А что известно о других сторонах биографии Ершова? Вот слова известного и фактически первого научного биографа Ершова профессора М.К.Азадовского: «Мы крайне мало знаем о нём, почти не располагаем материалами, которые давали бы нам возможность составить более или менее точное представление о его целостном литературном облике, о пути его духовного роста, той культурной среде, в которой он вращался и под воздействием которой складывалось его творчество» (3). Однако несмотря на свои «крайне малые знания», М.К.Азадовский, говоря о юности Ершова, вдруг позволил себе ничем не подкреплённые домыслы типа: «в Тобольске Ершов начал складываться и как поэт. Во всяком случае, он вывез оттуда и какой-то солидный запас поэтических материалов и некоторый поэтический опыт» (4).
Из т.н. «биографических источников» самым известным является книга А.К.Ярославцева «Пётр Павлович Ершов, автор сказки «Конёк-горбунок». Биографические воспоминания университетского товарища его» (СПб, 1872). Отношение к этой книге у многих исследователей весьма осторожное, поскольку эти воспоминания  «упускают ряд важнейших моментов, без освещения которых невозможно полное понимание жизни и творчества Петра Павловича Ершова (создание «Конька-горбунка», творческие связи в Петербурге и т.п.)» (5). Кроме того, Ярославцев много пишет со слов самого Ершова, слишком уж доверяя его искренности. Так, в частности, он характеризует его отца как полицейского, который не использовал своё положение для личного обогащения. Но мы не можем поверить этому, поскольку в архиве Омской области с 1823 года лежит жалоба крестьянина Ишимской округи Лушкова с обвинениями отца Ершова в «притеснениях и лихоимстве» (6). Поговорку «Жить в Сибири холодно, да служить тепло», я думаю, отец Петра Павловича знал хорошо. Однако летом 1833 года Павел Ершов умер, в связи с чем его семья оказалась в довольно критическом положении: вдова – домохозяйка, а два сына – студенты.

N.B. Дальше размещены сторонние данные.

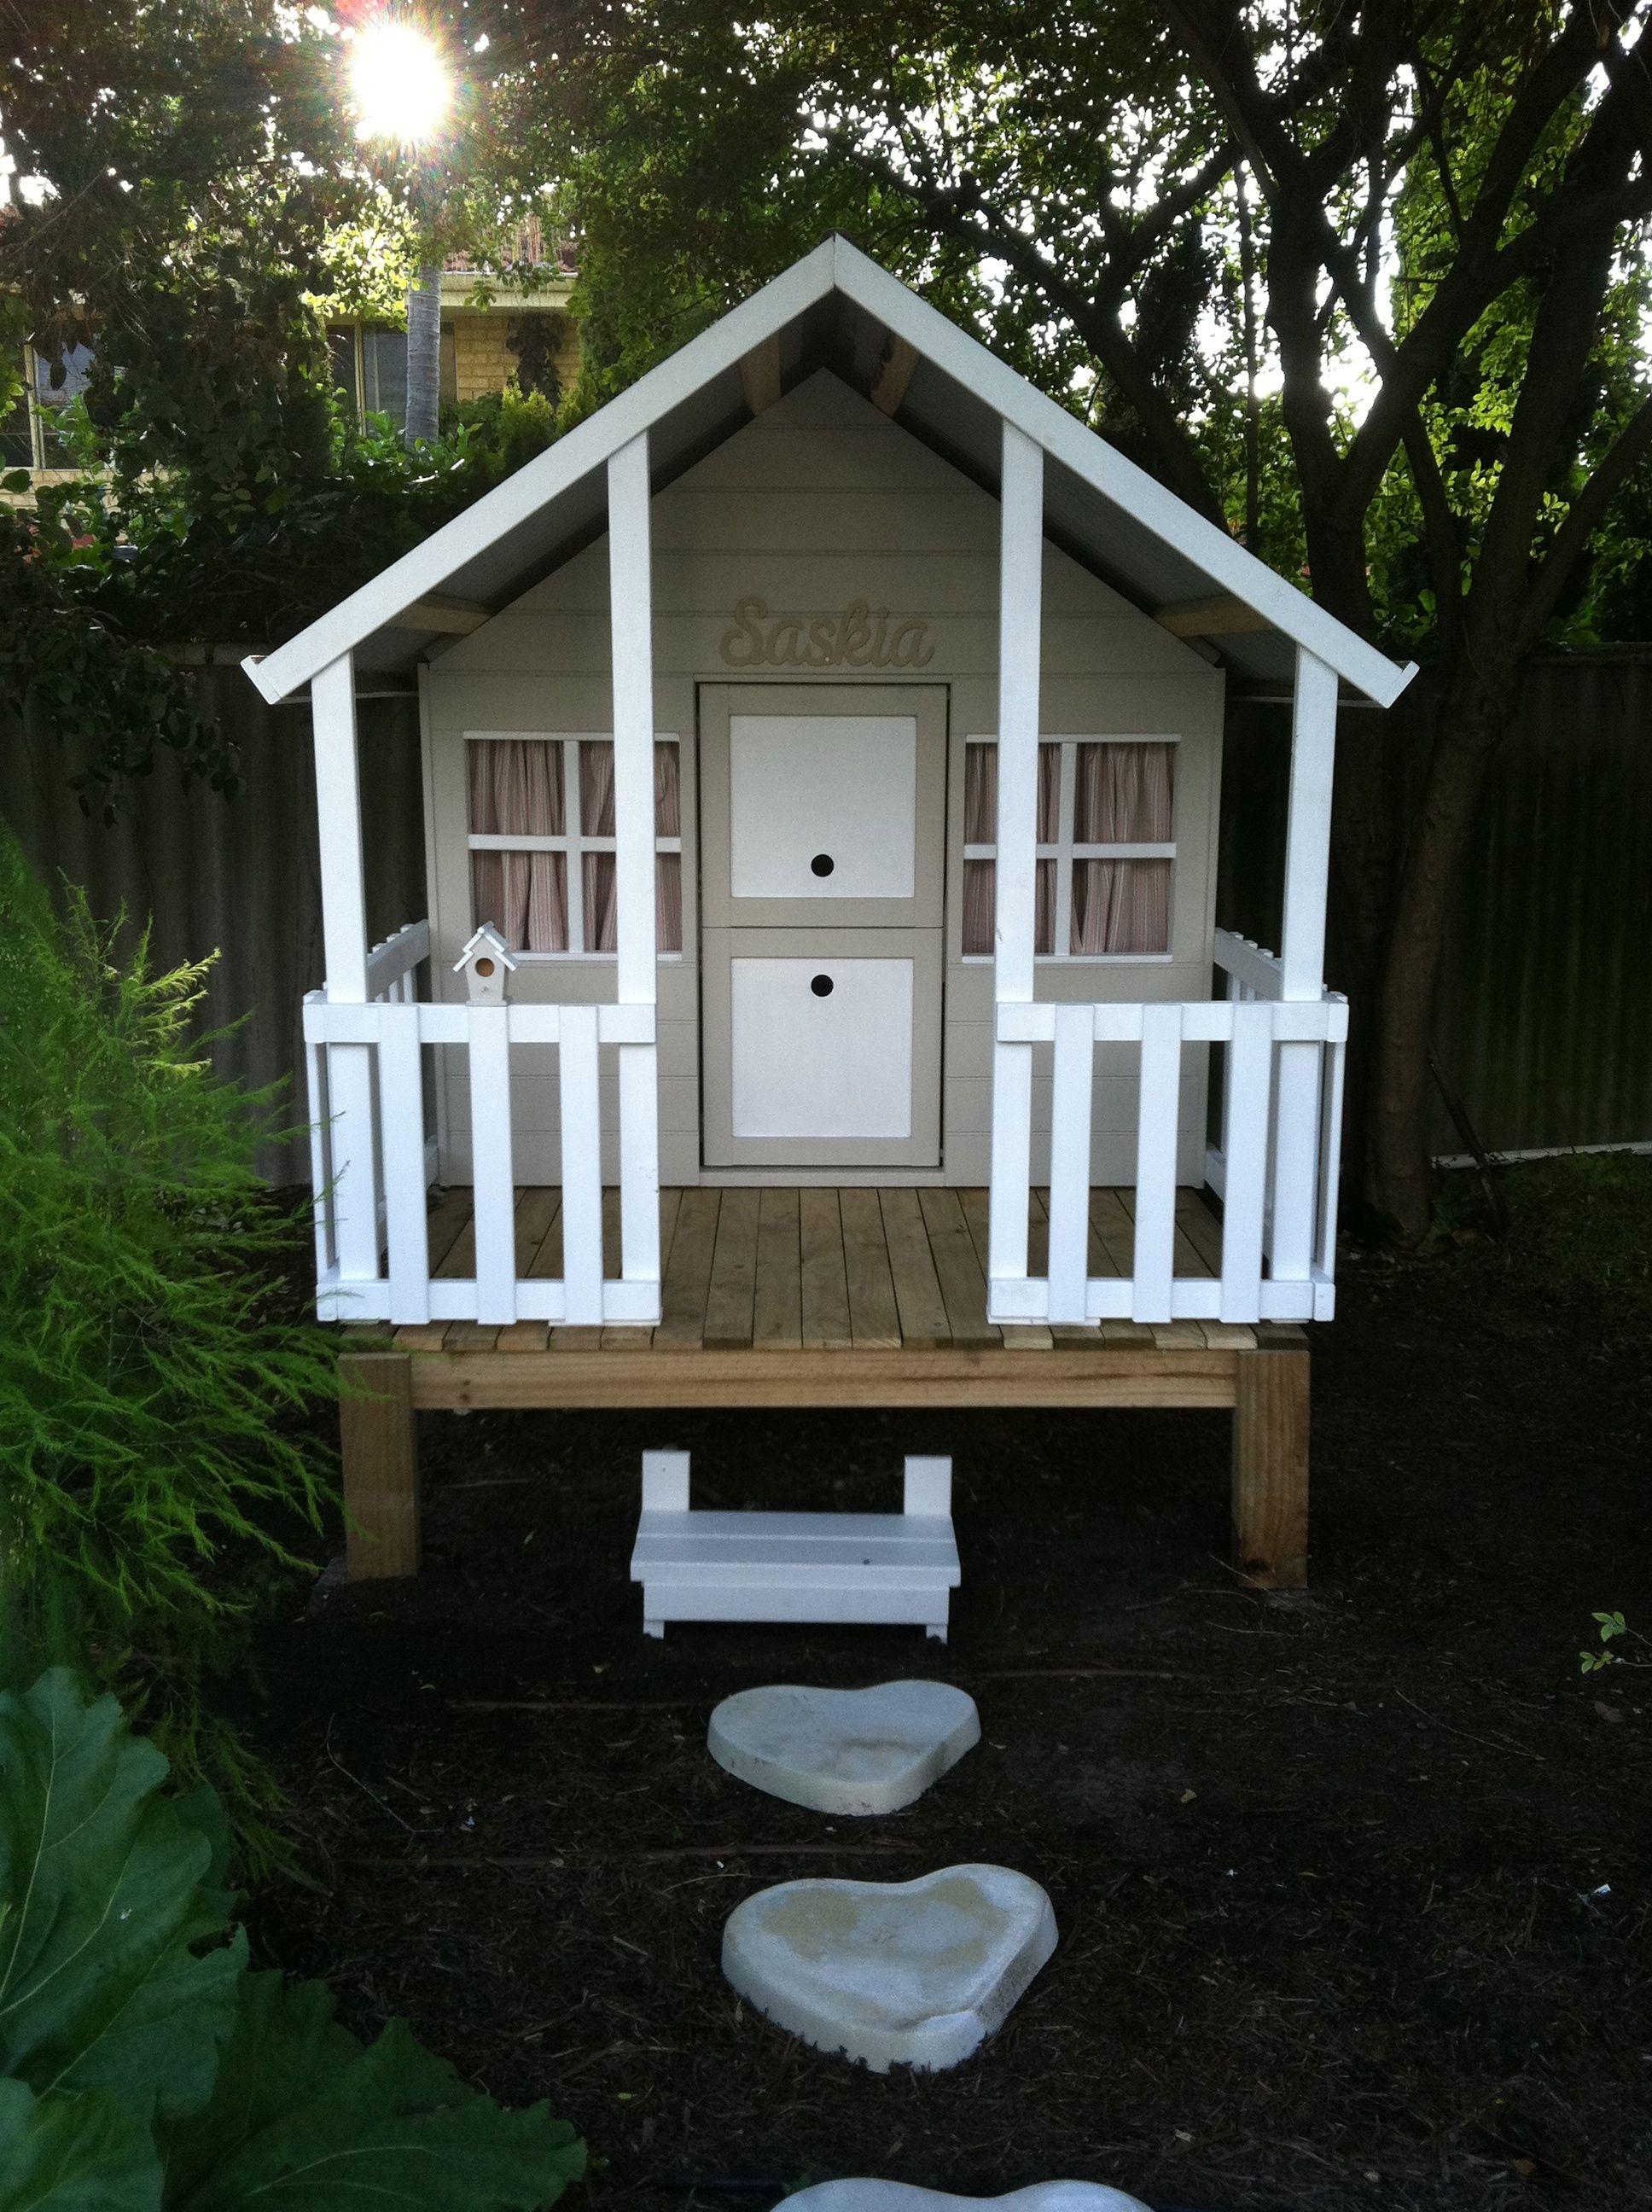 Epingle Par Sarah Hiller Sur My Style Cabane Jardin Cabane Bois Enfant Plan Cabane En Bois
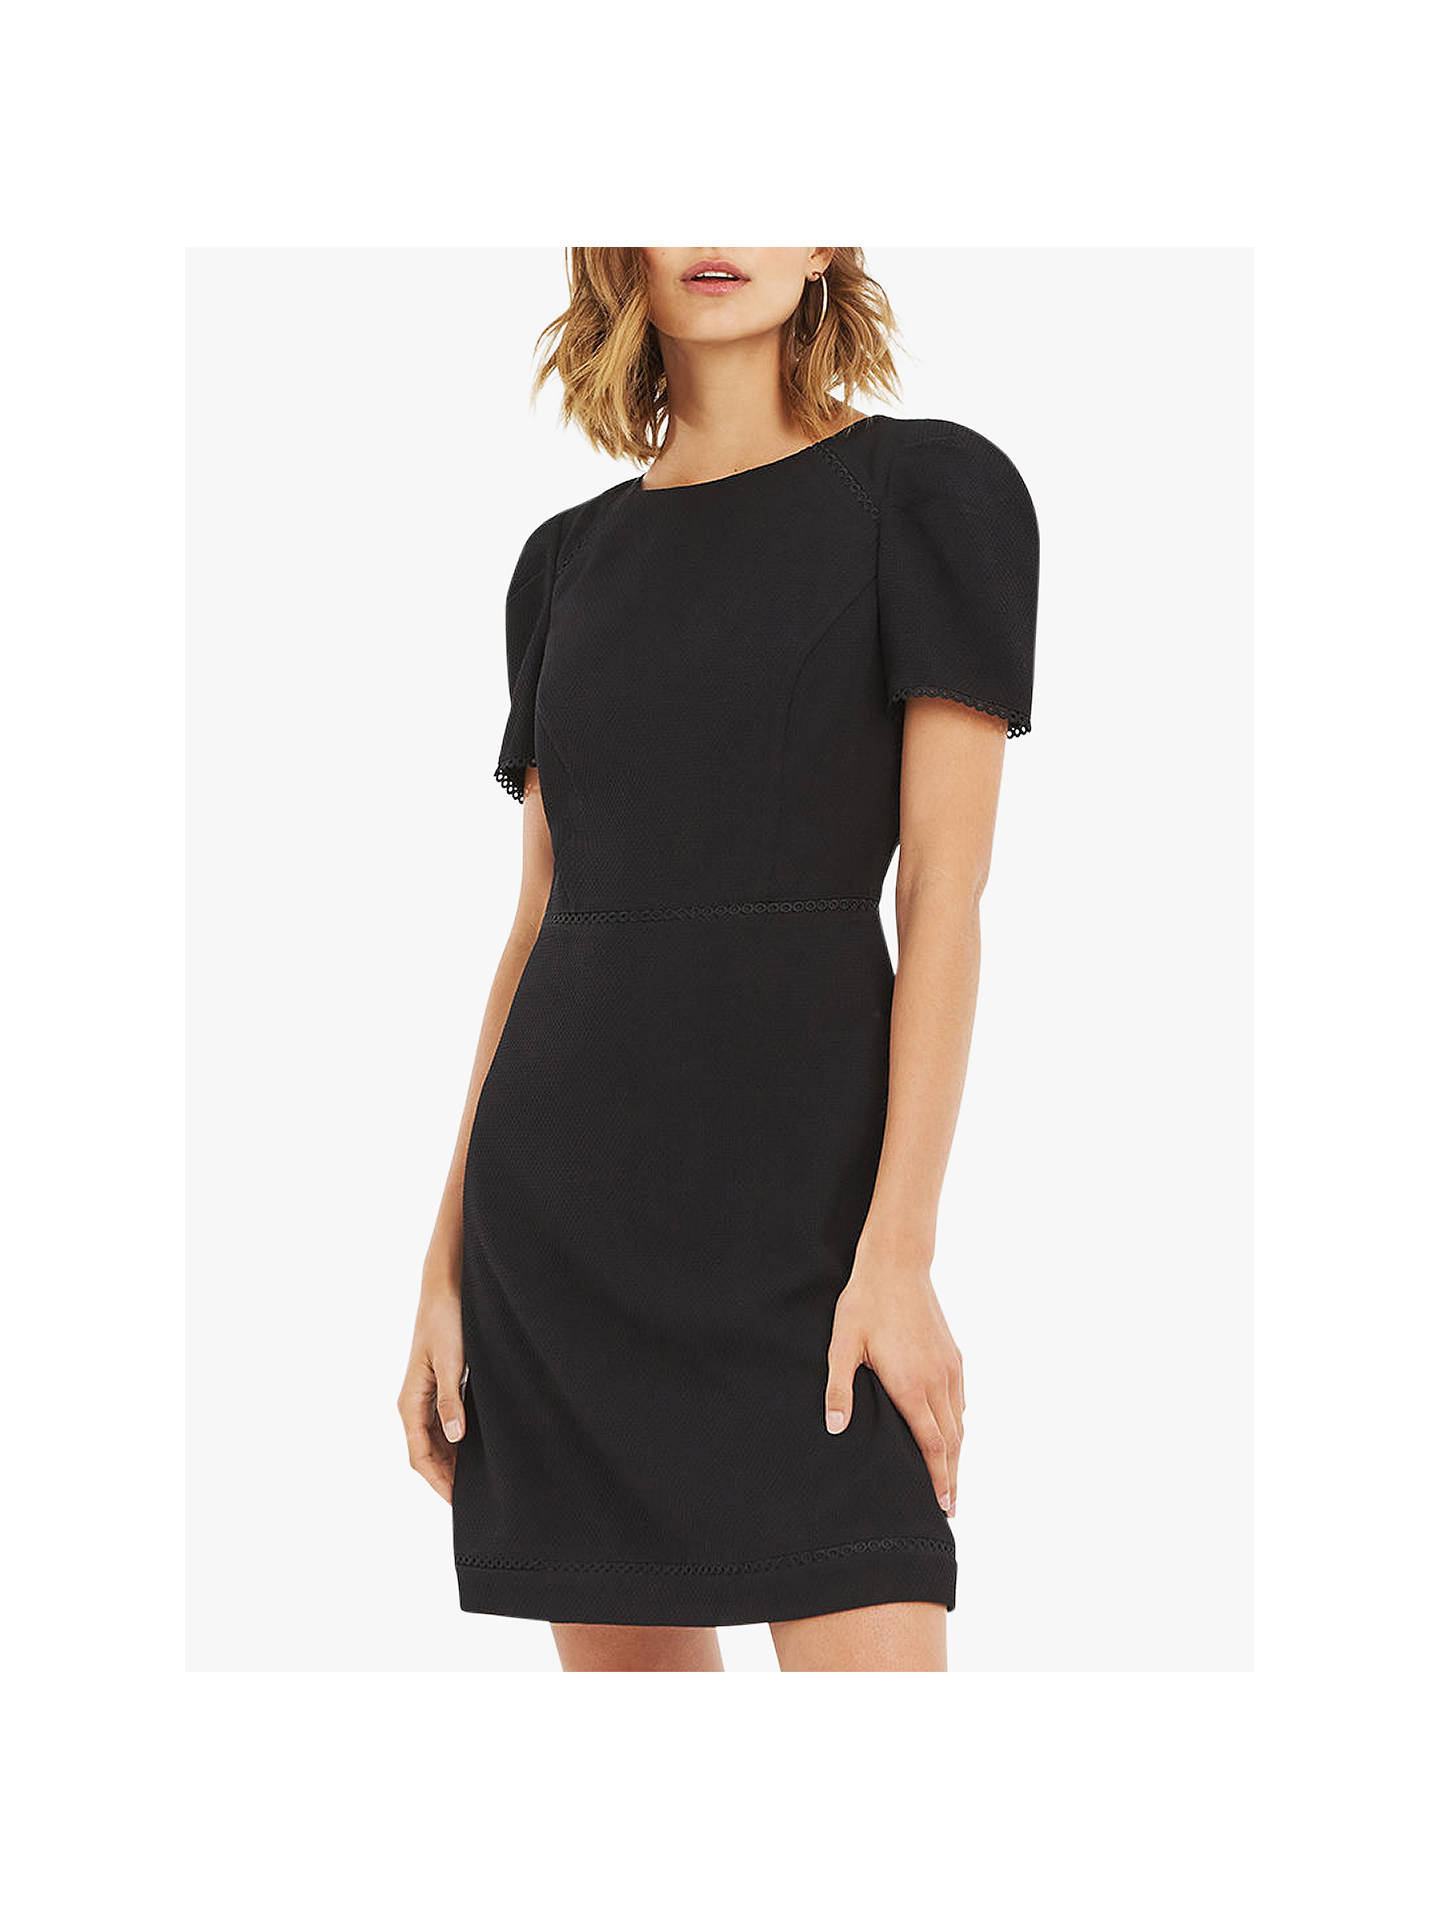 12ec5bfab66a Buy Oasis Circle Trim Dress, Black, 6 Online at johnlewis.com ...

И те 500 рублей, которые весной следующего года Пётр Ершов получил за издание при помощи всё того же П.А.Плетнёва первой части «Конька», я думаю, были ему весьма кстати.
А немного наивного Ярославцева Ершов по поводу сбора народных сказок убедил следующими словами: «Созвать побольше старух, так вот и сказки…» (7). Но и этого мало: он убедил его и в простоте написания литературной сказки. И в результате тот стал утверждать, что сказка «Конёк-горбунок», «как откровенно говорил сам автор, почти слово в слово взята из уст рассказчиков, от которых он её слышал, только он её привёл в более стройный вид и местами дополнил» (8). Однако если учесть, что никакие старушки четырёхстопным хореем не изъясняются, то, вероятно, под словами «привёл в более стройный вид» здесь следует понимать преобразование народной сказки в литературно-стихотворную форму. Но неужели это так легко? Смотрим в историю русской литературы и с удивлением обнаруживаем, что с 1830 и по 1924 год, когда появились сказки Корнея Чуковского, испытание временем выдержали всего пять сказок с такими же, как у «Конька», рифмованными стихами: это четыре сказки Пушкина и одна В.А.Жуковского («Сказка о спящей царевне»). Даже Лермонтов свою единственную сказку «Ашик-Кериб» не решился писать стихами. Слова же Ершова «привёл в более стройный вид» только лишний раз подтверждают то, что о написании стихотворных сказок он имел весьма смутное представление. Иногда эти слова Ершова некоторые ершоведы пытаются представить мнением самого Ярославцева, при этом почему-то забывая о том, что тот чётко и ясно сослался на Ершова.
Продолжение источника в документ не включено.